§ Exercise
What you return must match the listing below exactly, minus any pictures.
--- Collected material Enclosed Below ---
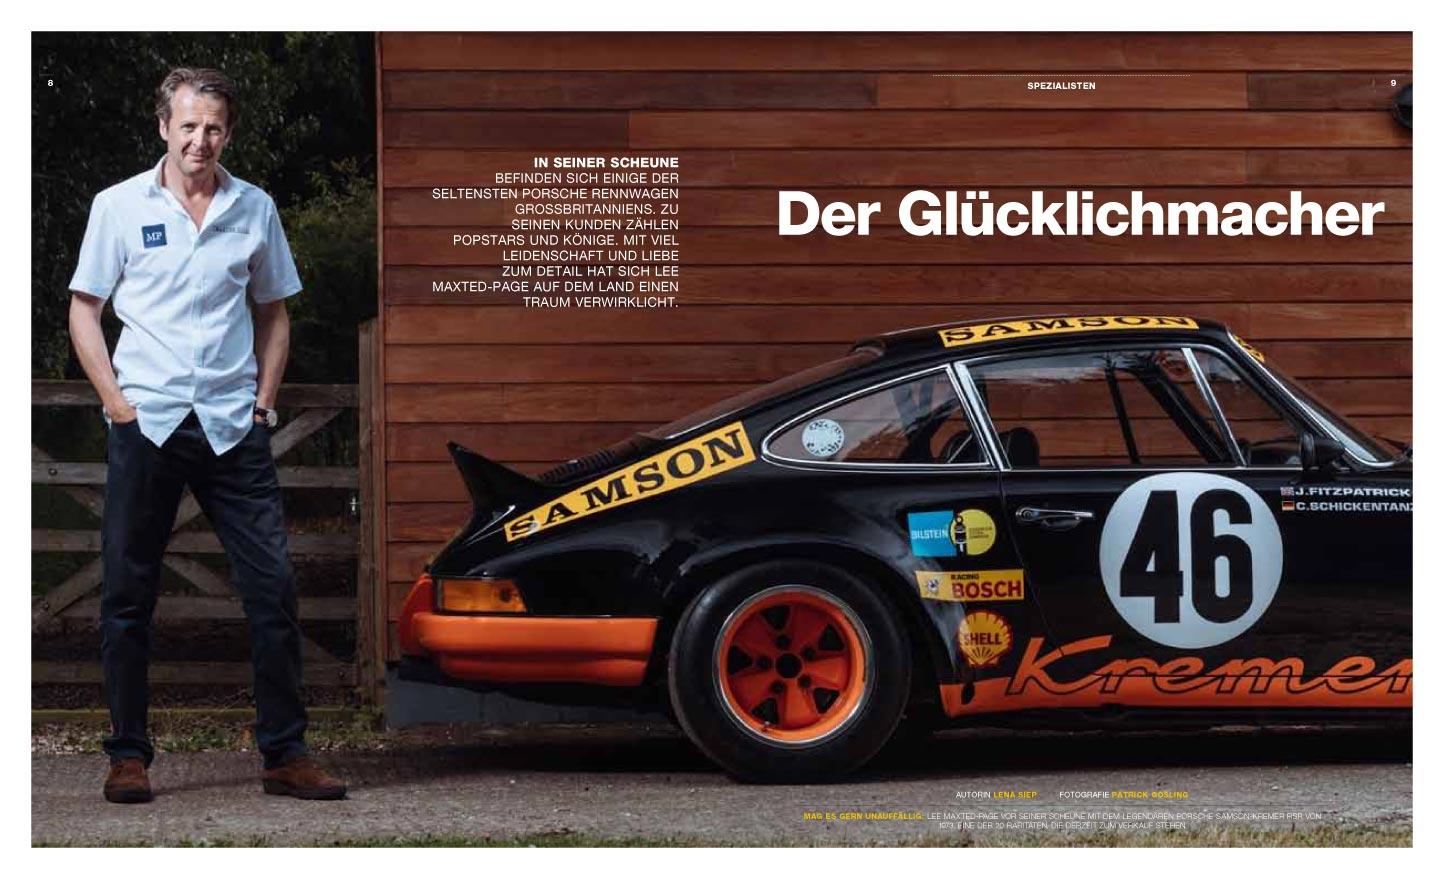 Porsche Classic visit Maxted-Page Porsche specialists
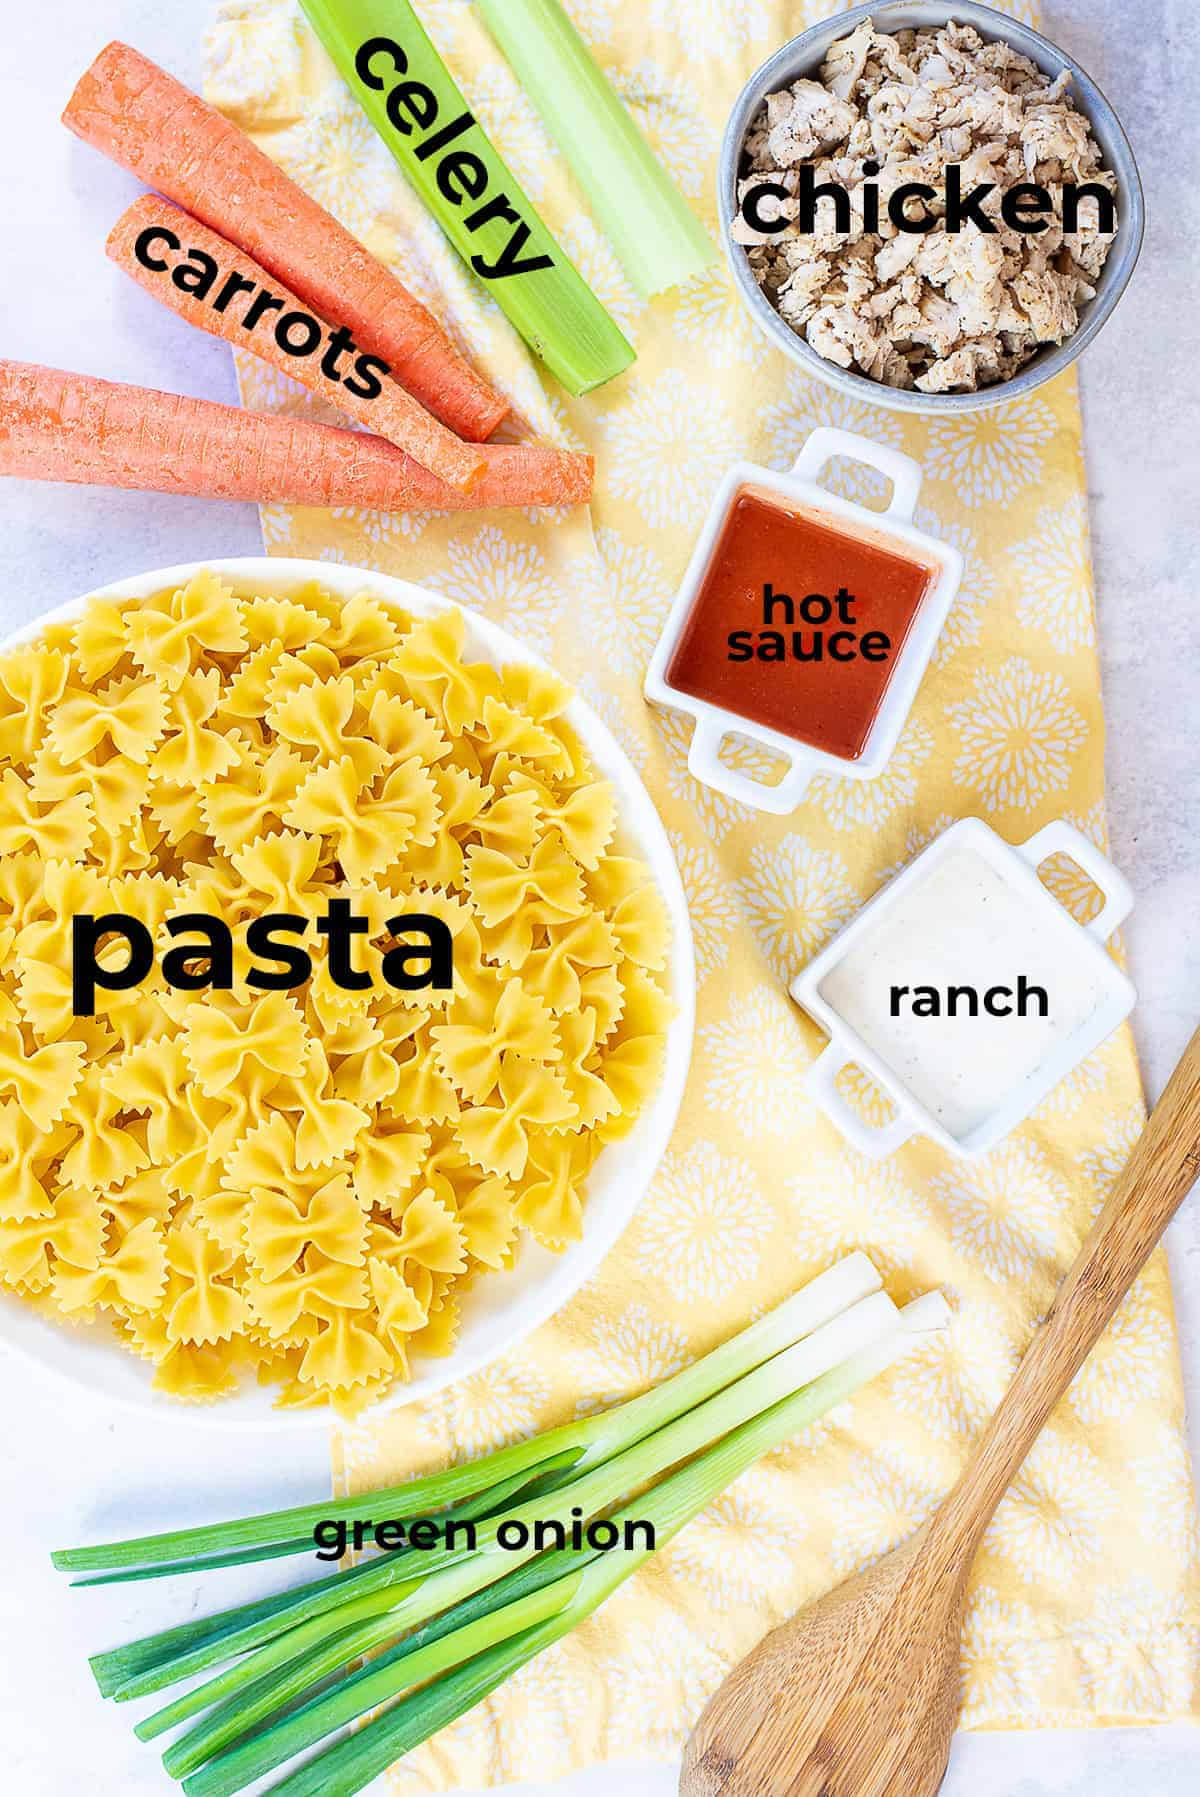 ingredients for buffalo chicken pasta salad.
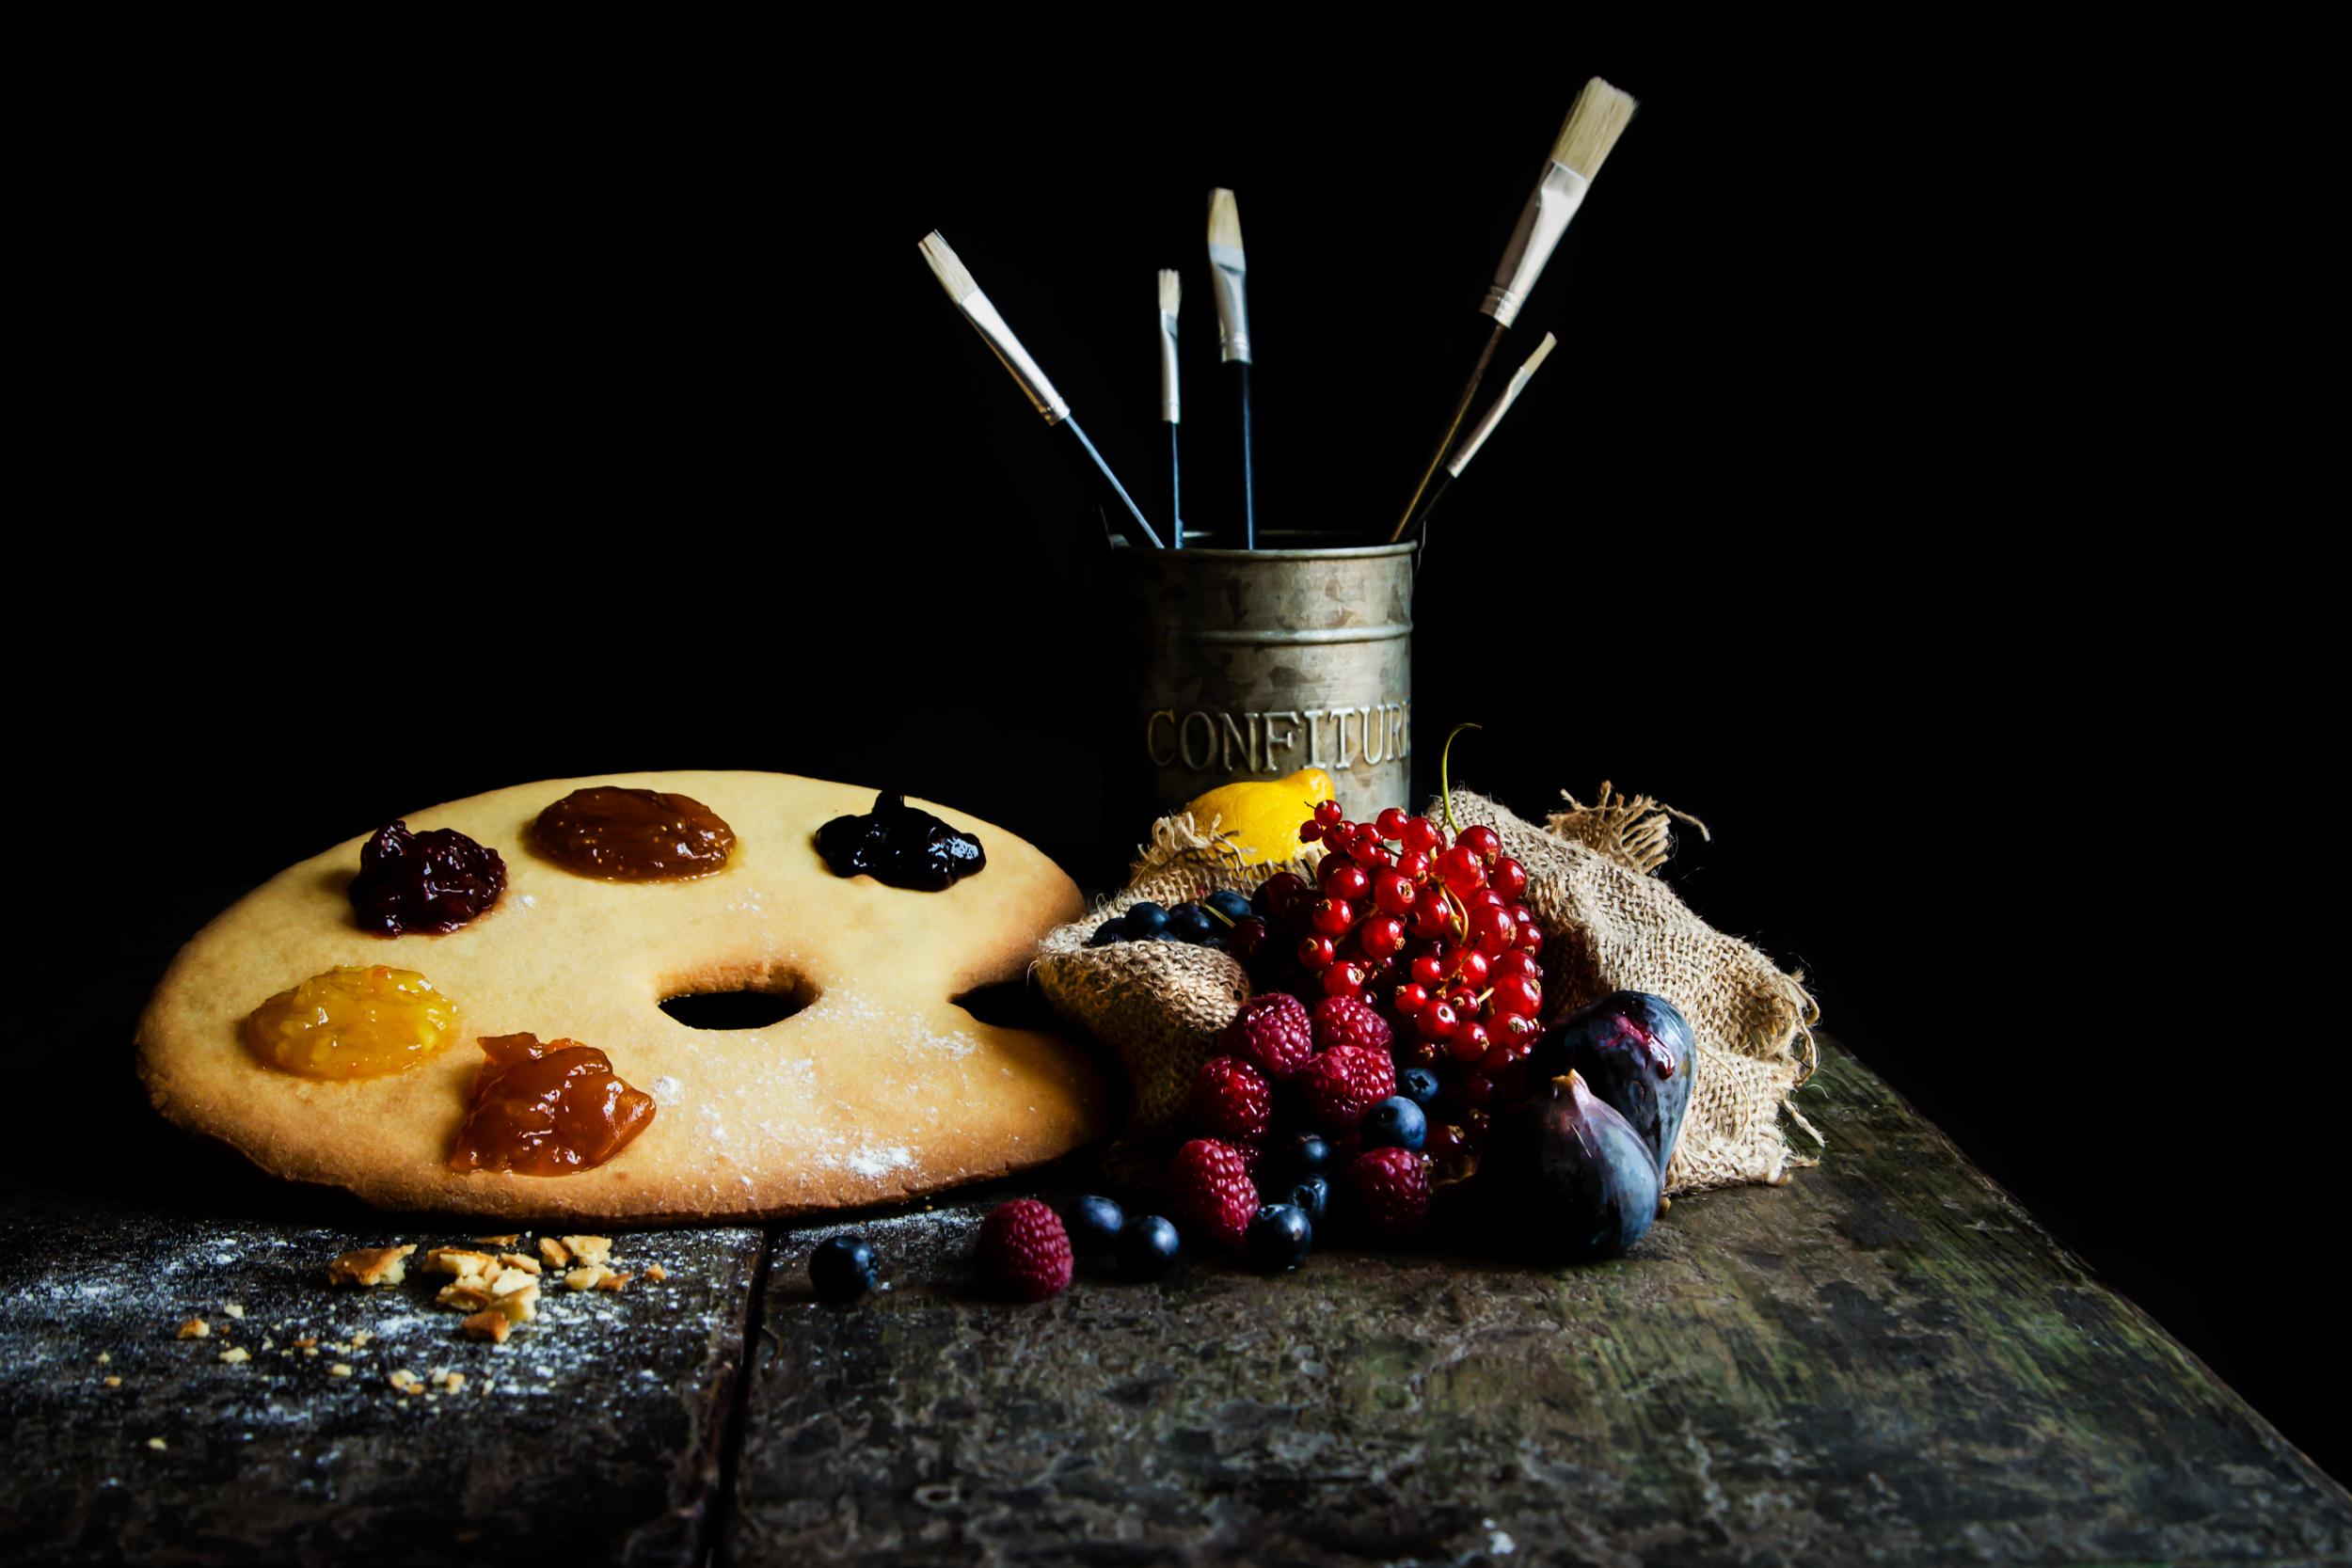 Food painting. Il cibo diventa arte foto di Tatiana Mura
--- End of Enclosed Collected material ---
§ Your response
 Porsche Classic visit Maxted-Page Porsche specialists
 ingredients for buffalo chicken pasta salad.
 Food painting. Il cibo diventa arte foto di Tatiana Mura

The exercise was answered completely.